### Goal of the exercise:
Note on the material below: return exactly the lines from the line that holds "Night ambiance of the villa" through the line that holds "Como Gravar a", and leave out each picture.

### Record set:
____

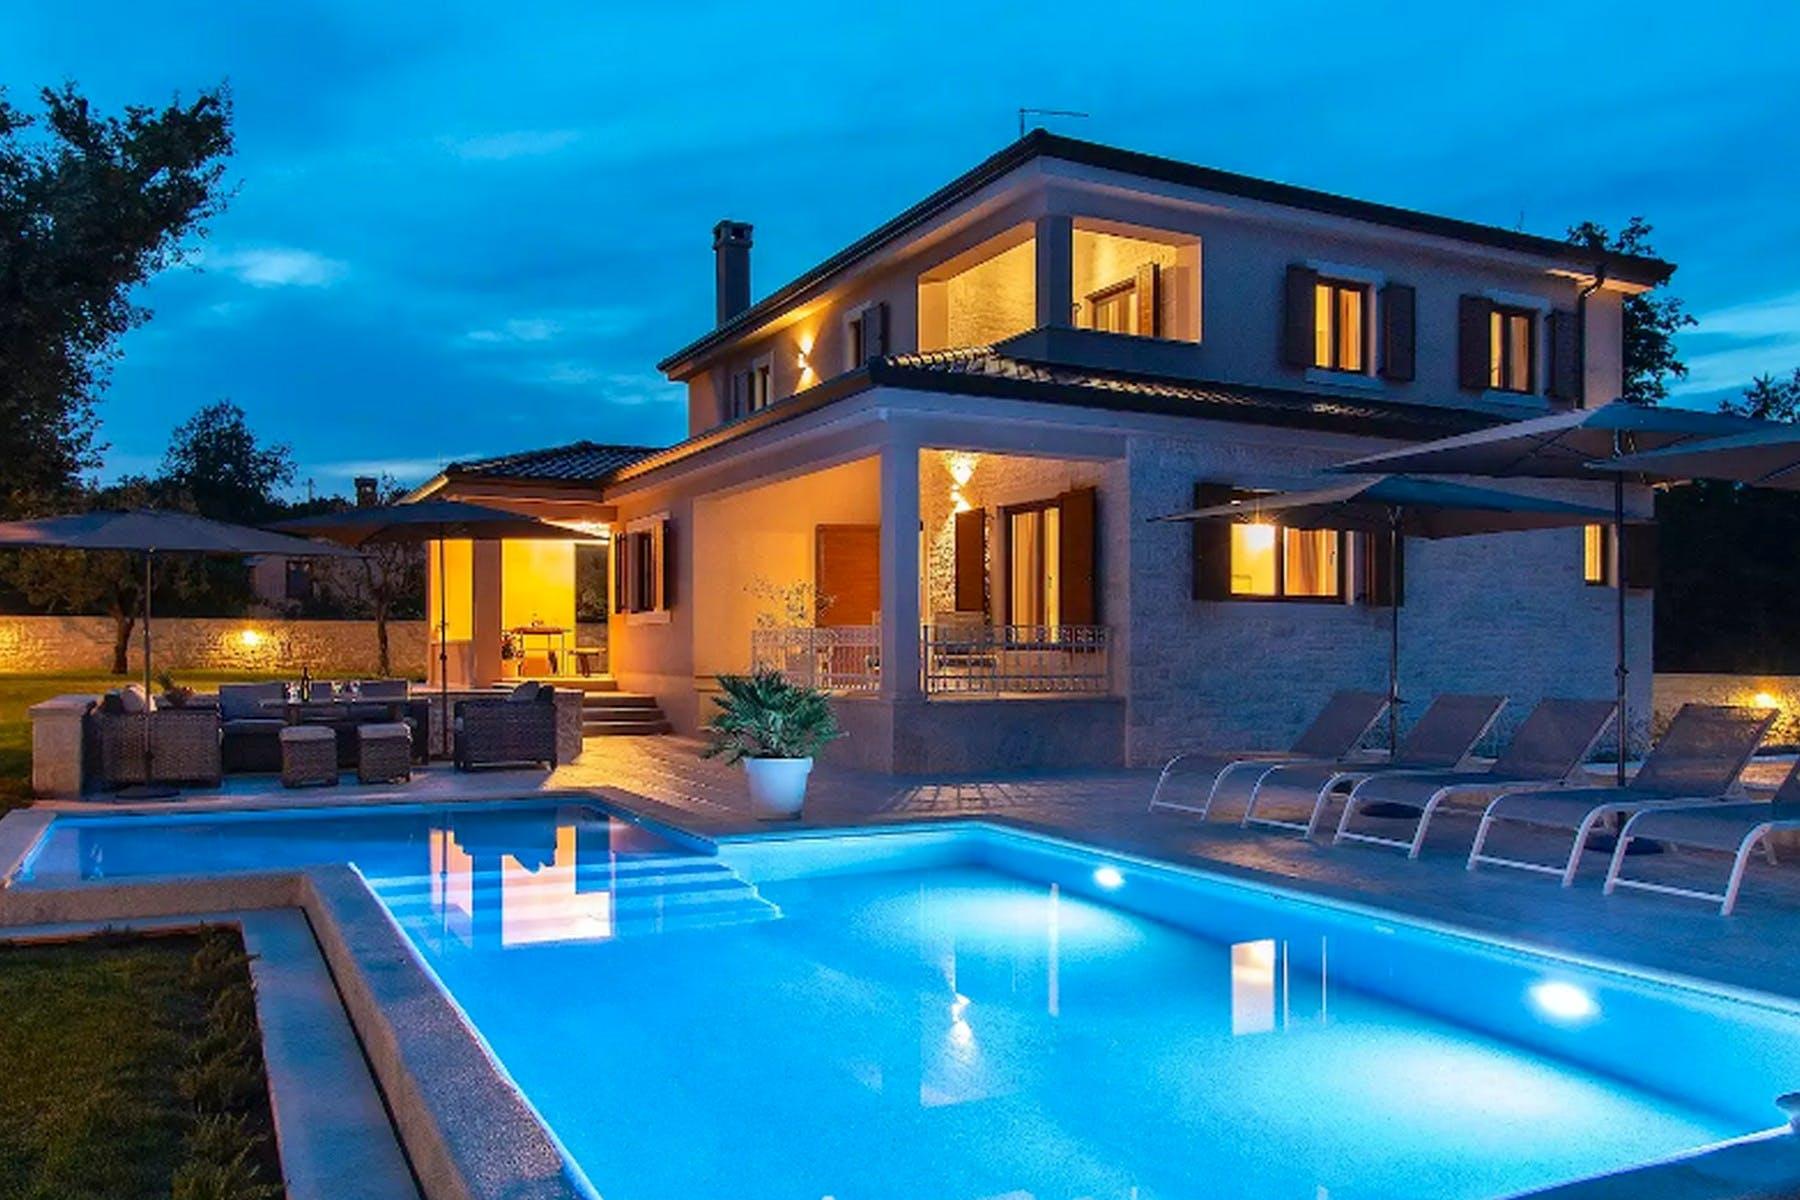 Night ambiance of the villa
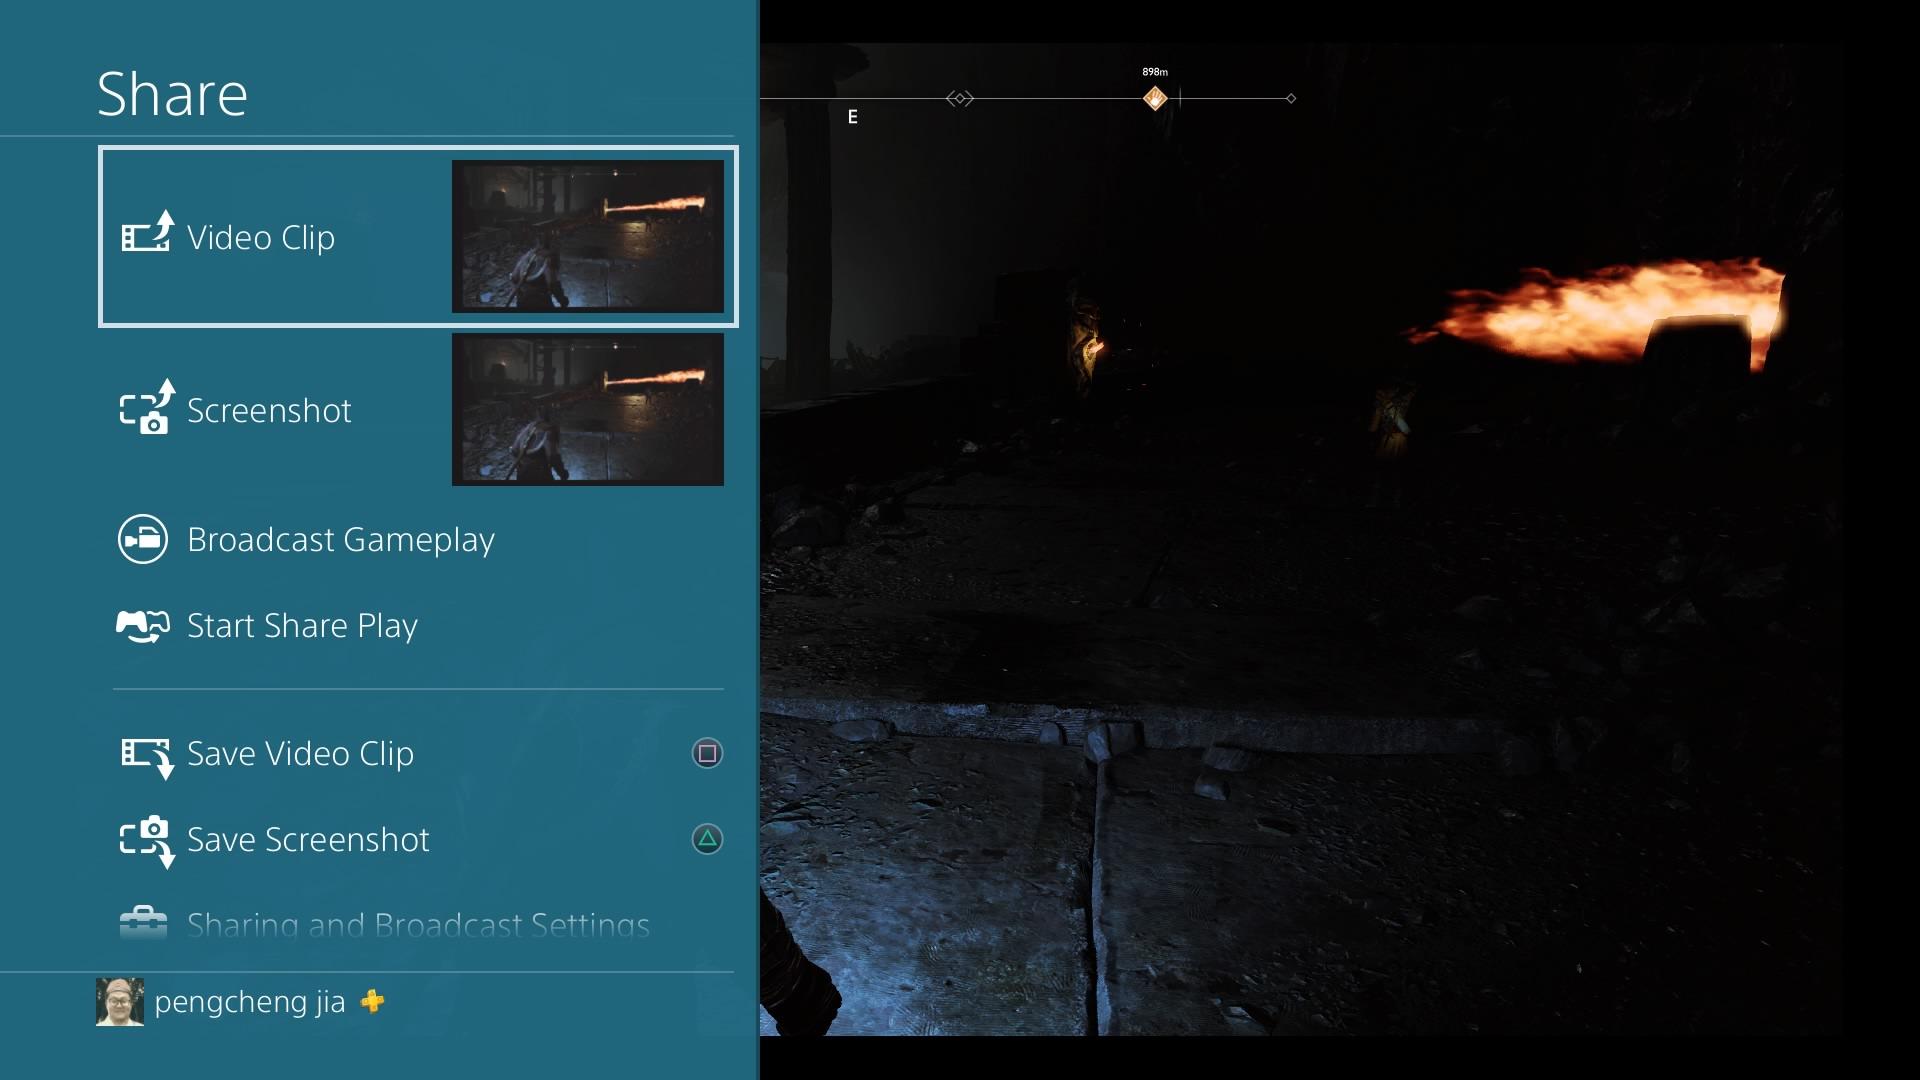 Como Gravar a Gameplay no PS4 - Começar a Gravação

____

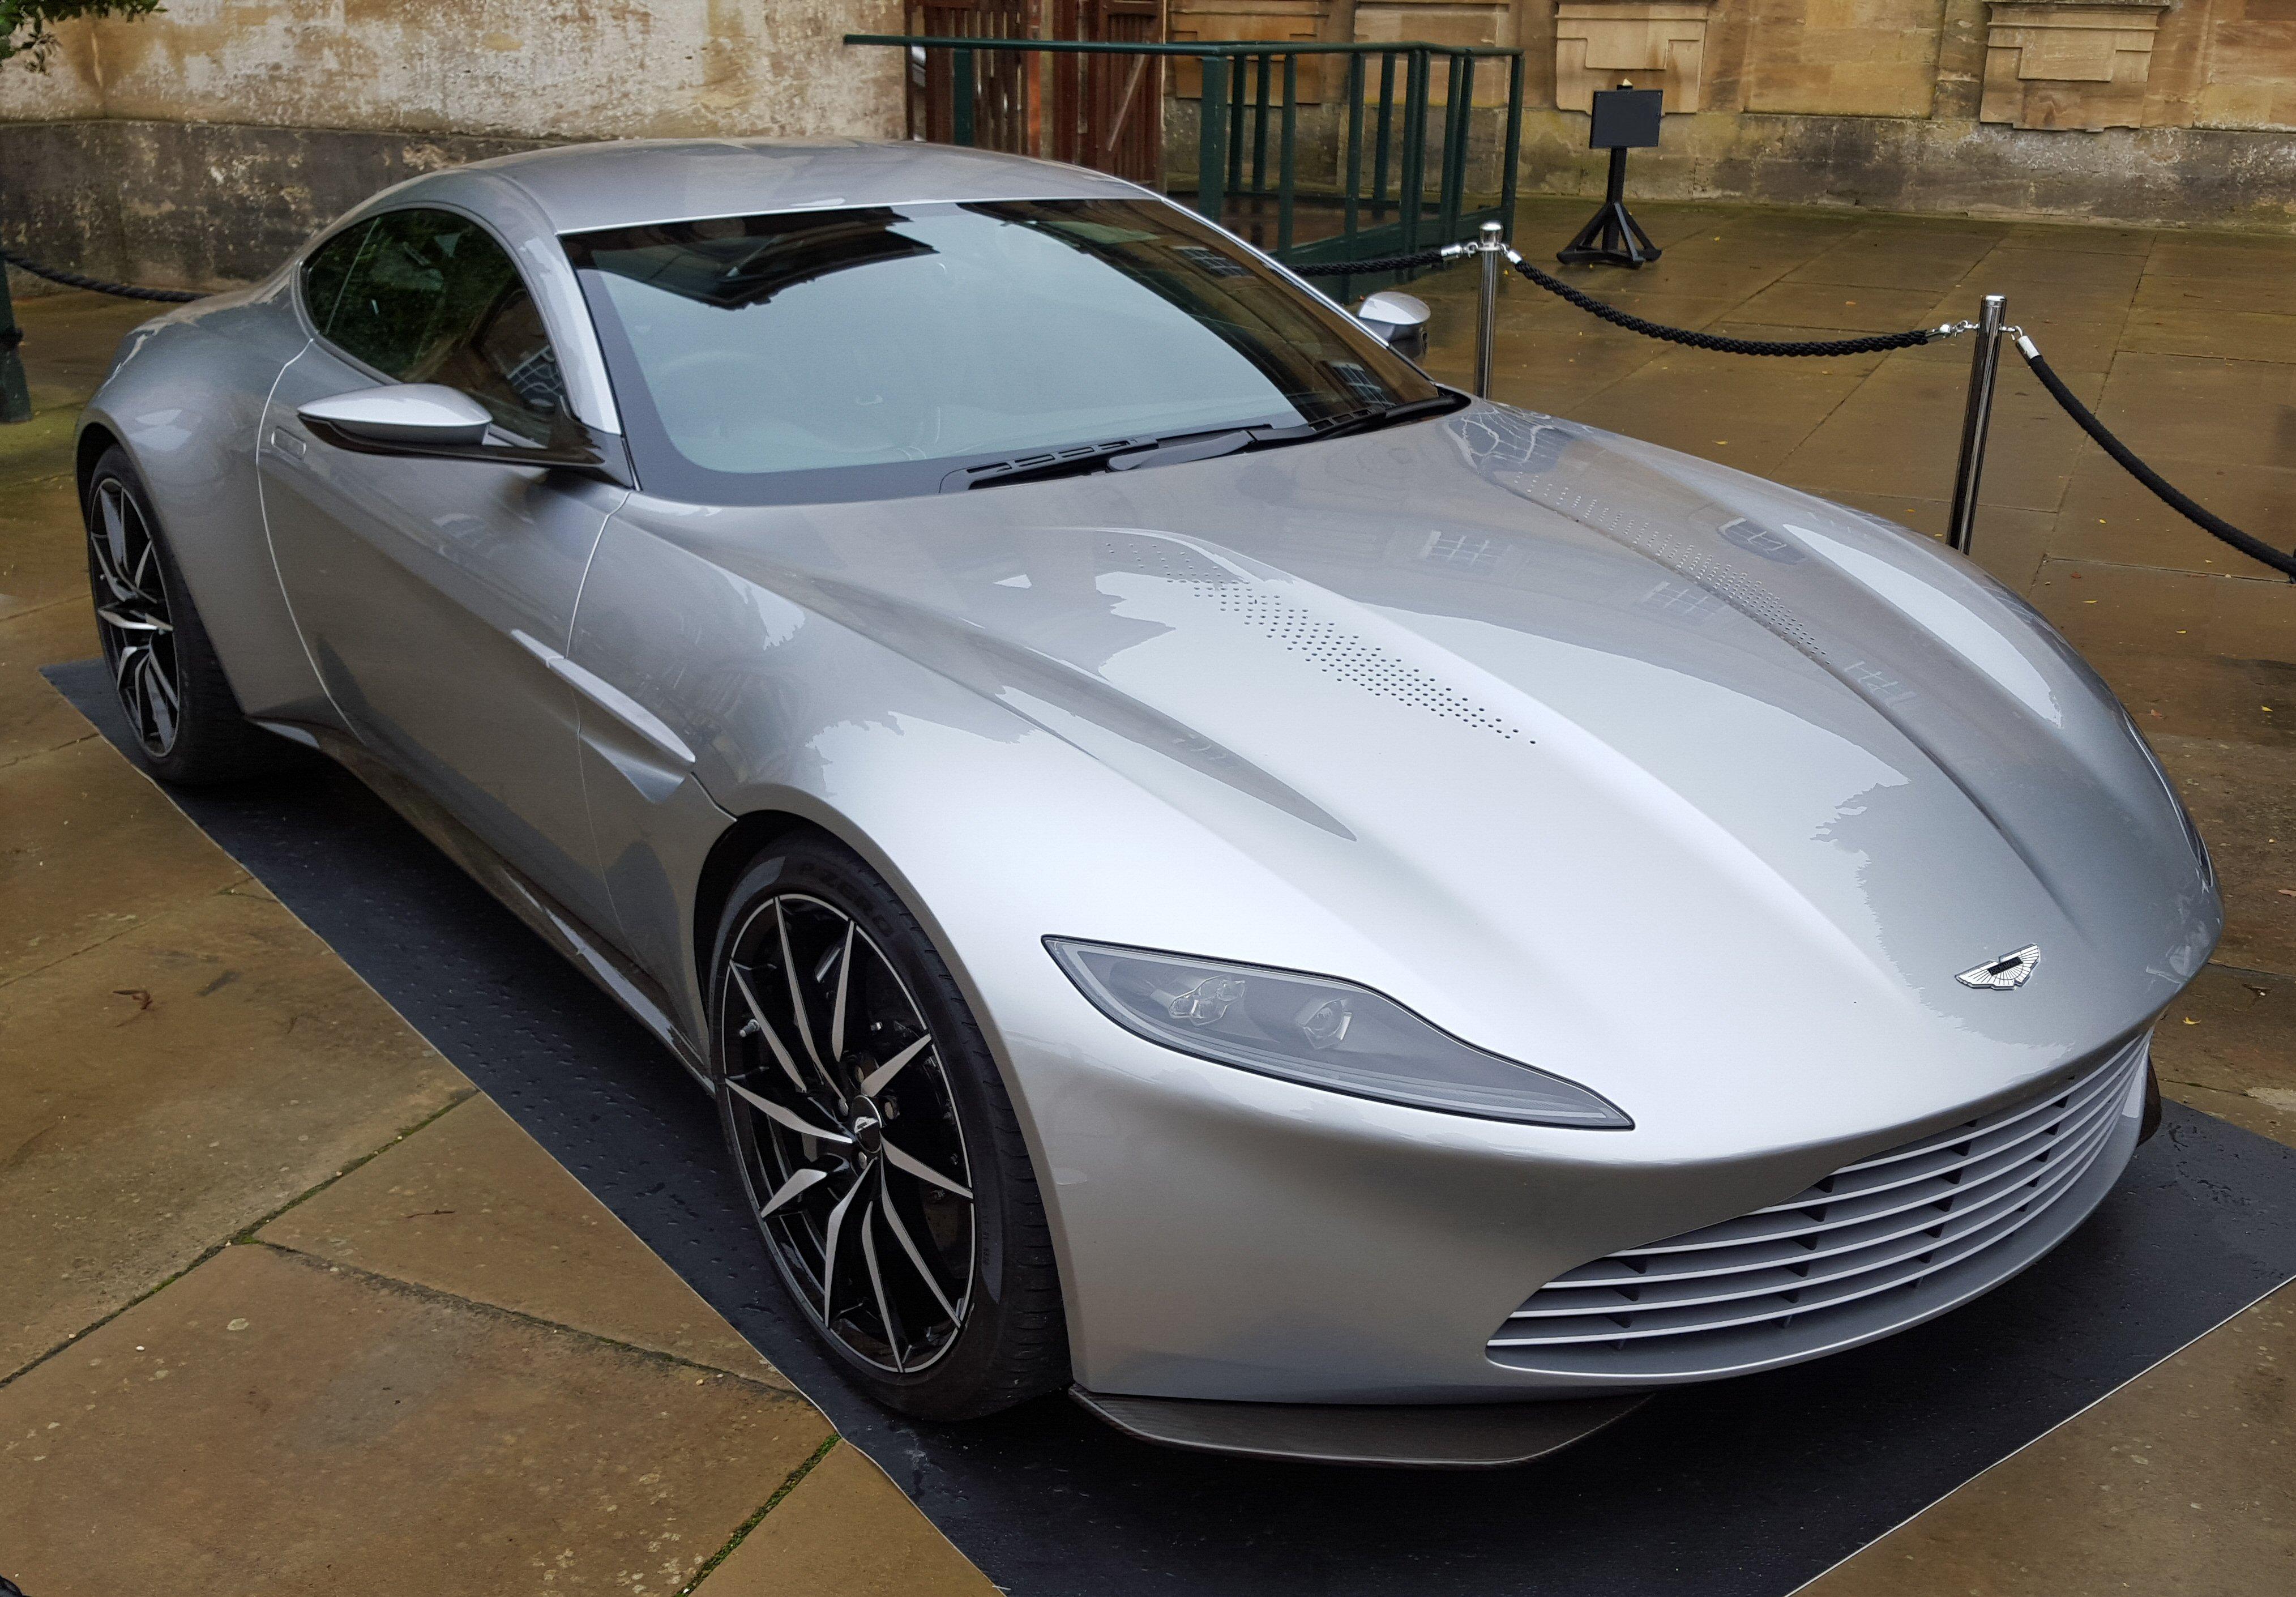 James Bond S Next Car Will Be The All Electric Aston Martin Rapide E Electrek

____

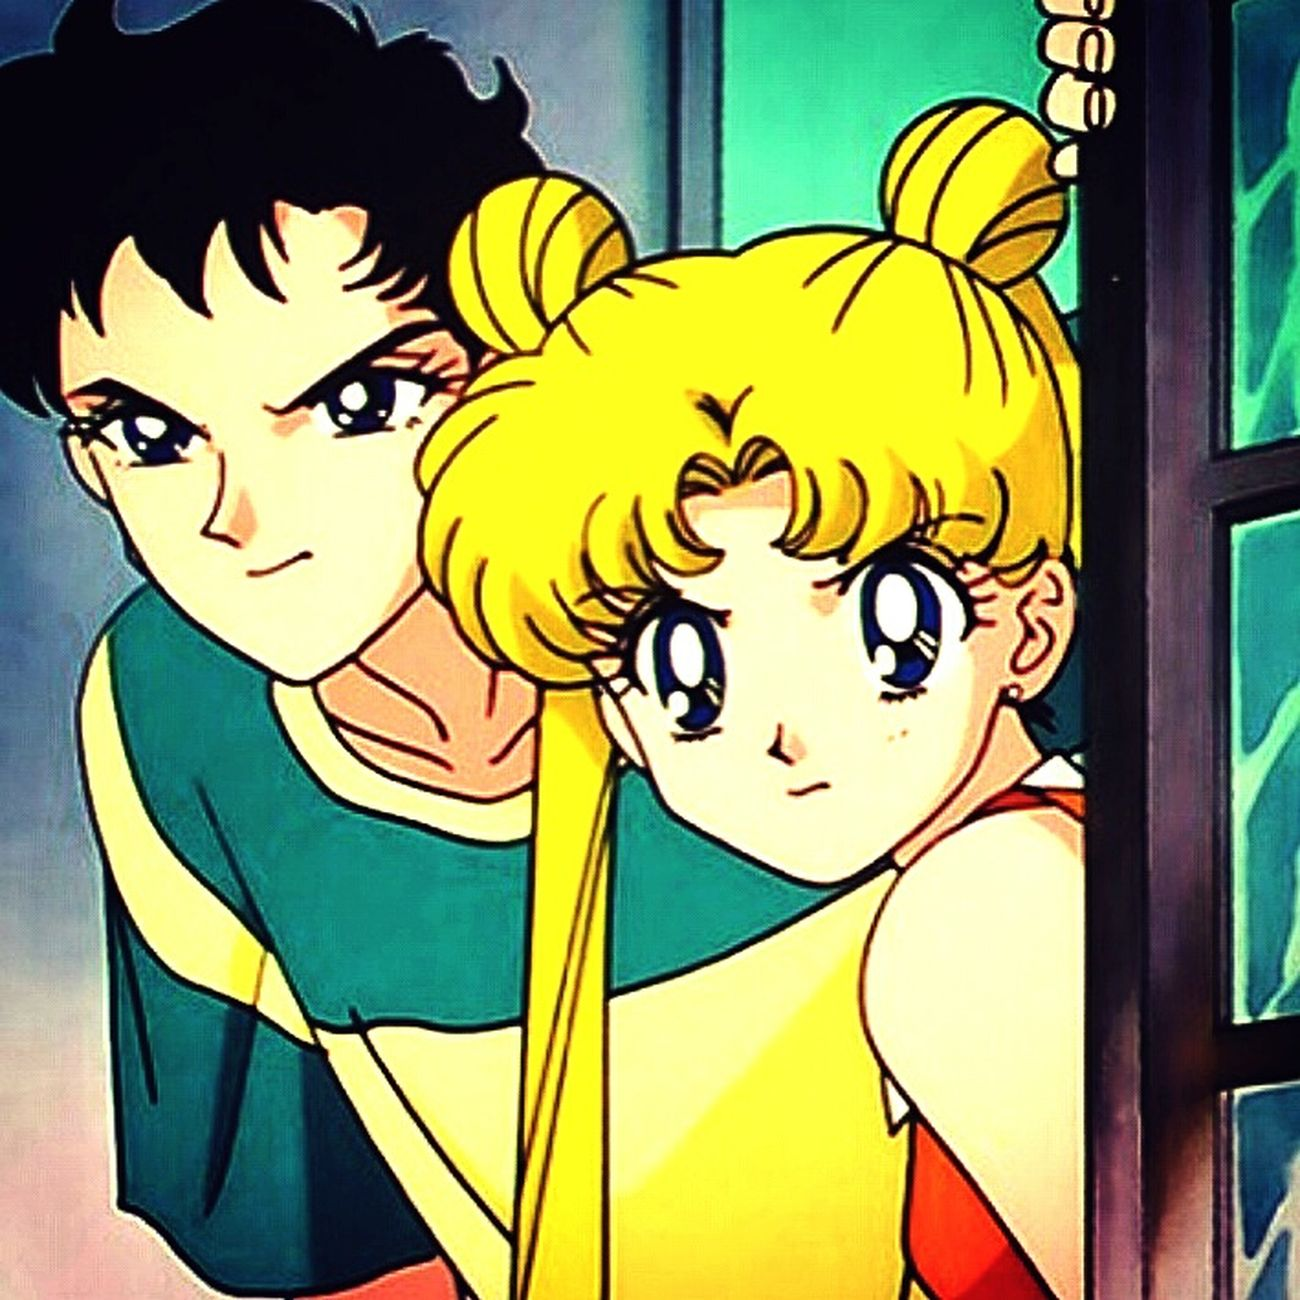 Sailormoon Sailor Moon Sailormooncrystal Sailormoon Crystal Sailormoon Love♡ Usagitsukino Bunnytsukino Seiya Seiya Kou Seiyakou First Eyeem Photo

____

### Result below:
 Night ambiance of the villa
 Como Gravar a Gameplay no PS4 - Começar a Gravação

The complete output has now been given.